(社)高層住宅管理業協会は20日、イイノホール カンファレンスセンター(東京都千代田区)で「マンションの耐震促進に関するシンポジウム」を開催。「マンション長寿命化協議会」(座長:齊藤広子明海大学不動産学部教授)による「マンションの耐震化の促進に関する緊急提言」が発表された。
同提言は、2011年6月発足した同協議会が、東日本大震災の教訓を踏まえ、マンション耐震化の促進について議論を重ねてきたもの。区分所有者および管理組合に対しては「経費、手間等の数々の問題から先送りすることのないよう、耐震化の早期実現に注力する」、マンション管理業者に対しては「善管注意義務の遵守にとどまらず、マンションが地域から期待される新たな役割および管理業者に求められる安全認識を踏まえ、マンション耐震化に向けて適切な助言ができる体制および技術者の育成」等が提言された。
同協会理事長の黒住昌昭氏は、「震災後、特に緊急性の高まっているマンションの耐震化と耐震性の向上について議論していただいた。

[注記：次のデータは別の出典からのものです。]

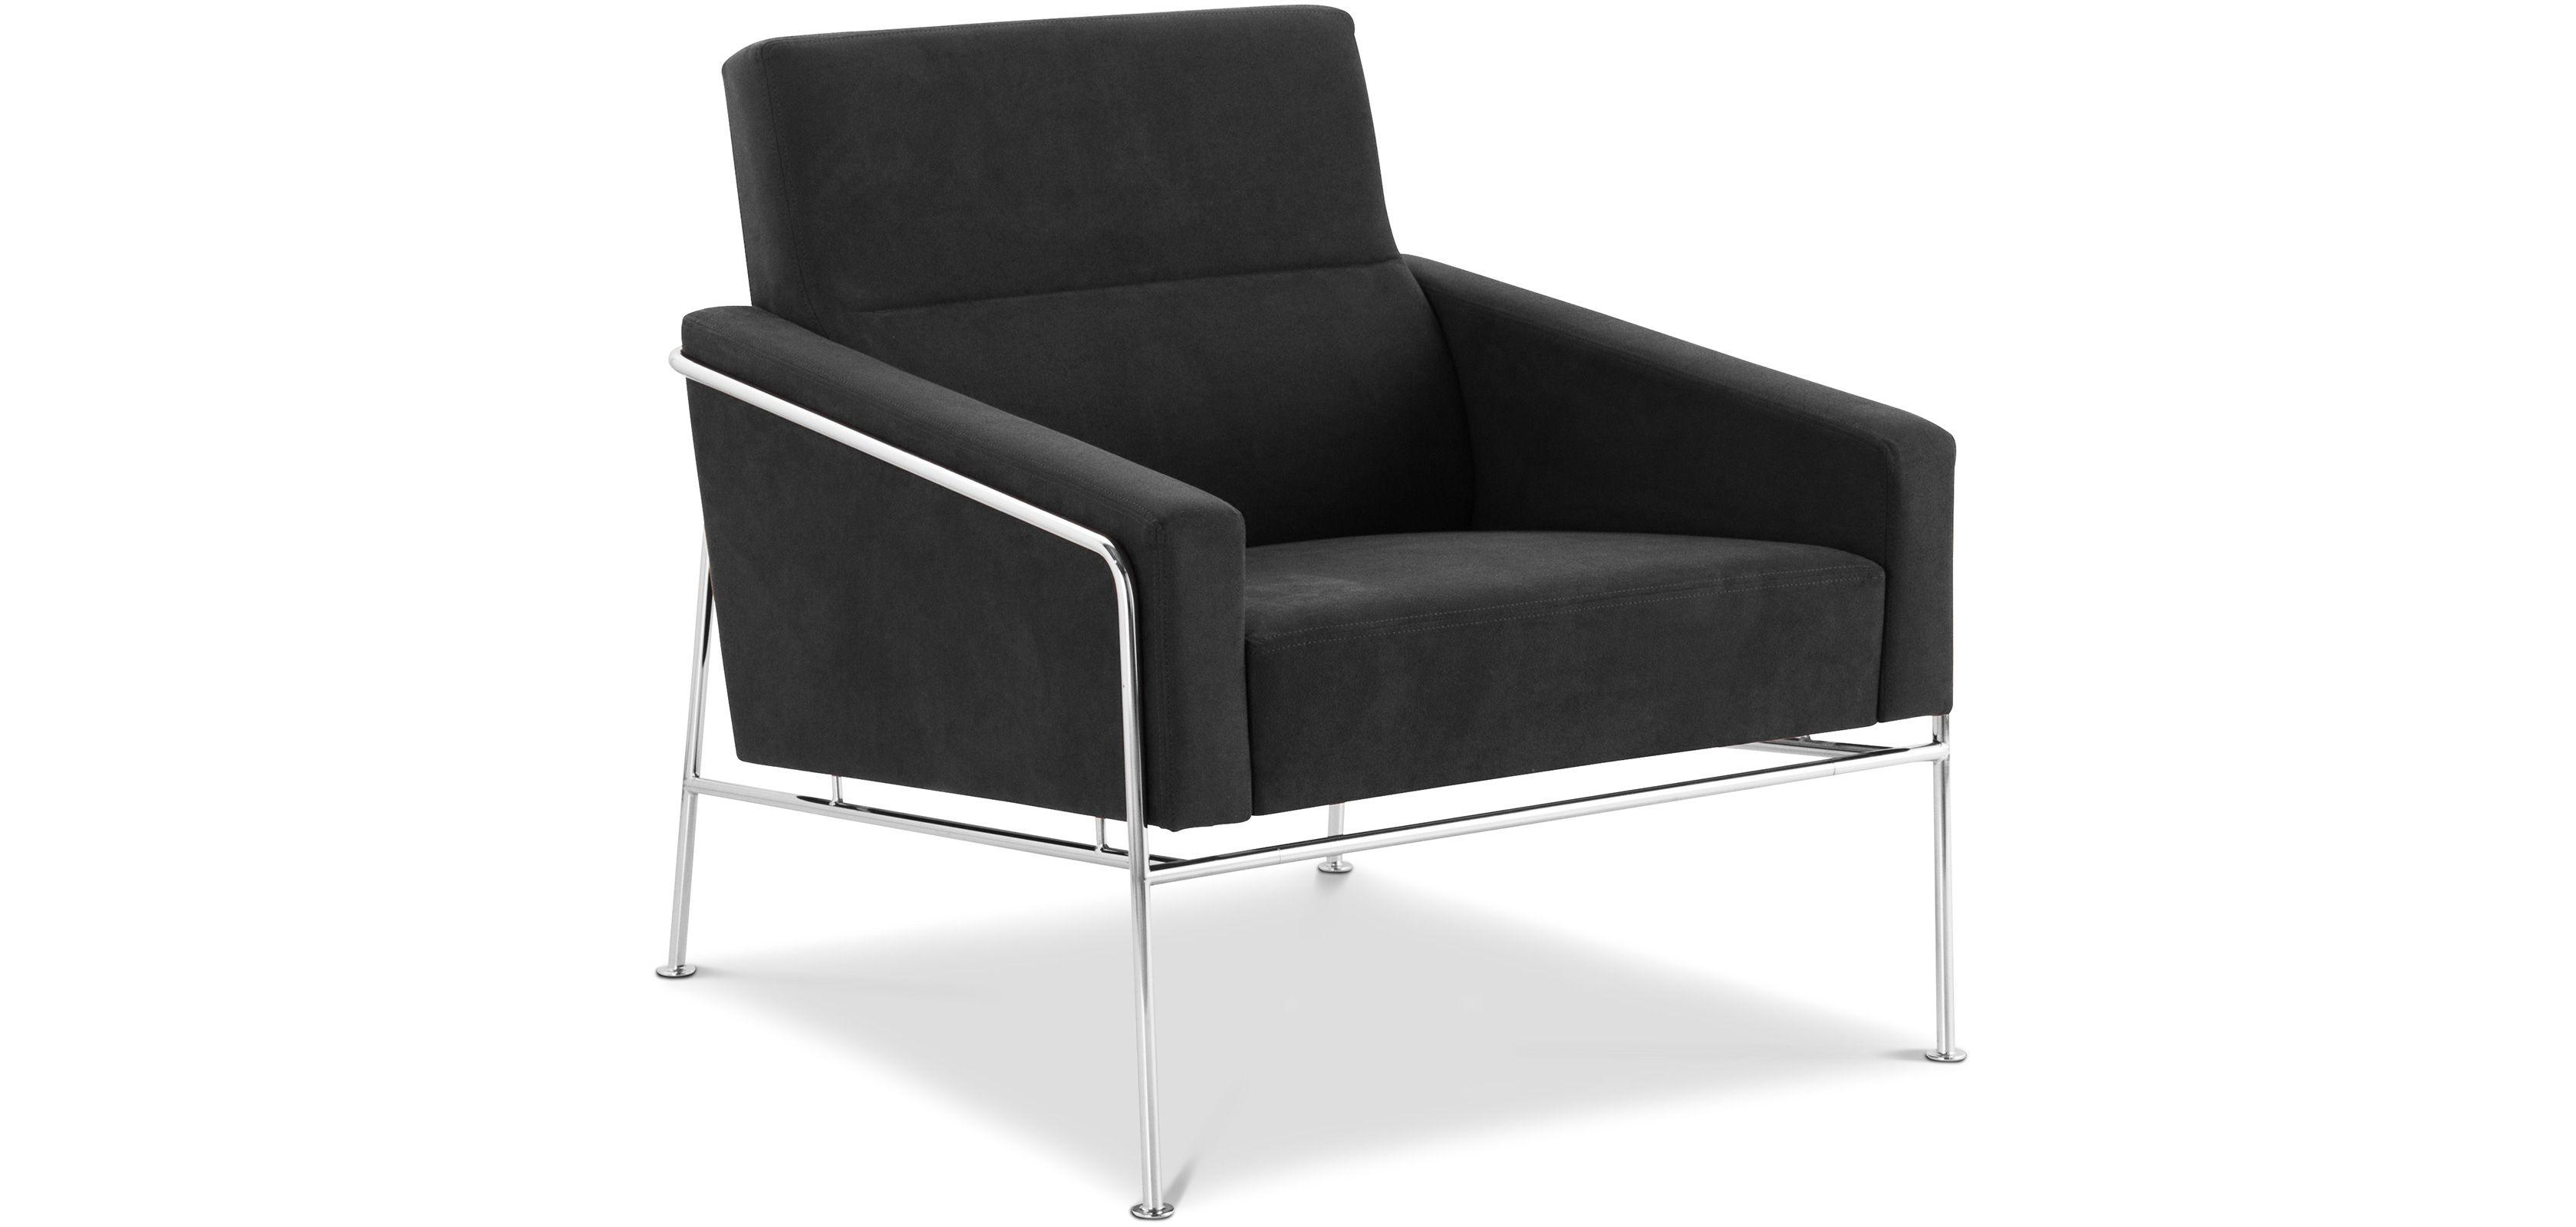 Fauteuil de salon design 3300 easy chair style arne jacobsen tissu chairs chair living - Fauteuils salon design ...

震災後1年以内に提言を発表したいという、協議会の強い意向で『マンションの耐震化の促進に関する緊急提言』を発表できた」などと語った。
今回のシンポジウムでは、同協議会委員の4人による基調講演やパネルディスカッションを実施した。
基調講演では、東京大学教授/東京大学空間情報科学研究センター長の浅見泰司氏のよる「マンションの耐震化促進の重要性」や明治学院大学法科大学院教授・戎 正晴氏による「法律的観点から、耐震化を含めたマンションの維持管理に関する区分所有者の責務について」などが行なわれ、その後、齊藤氏を座長に委員9名によるパネルディスカッションを実施。耐震化について、建築面からの視点や法的な課題、合意形成の難しさ等についての議論が交わされた。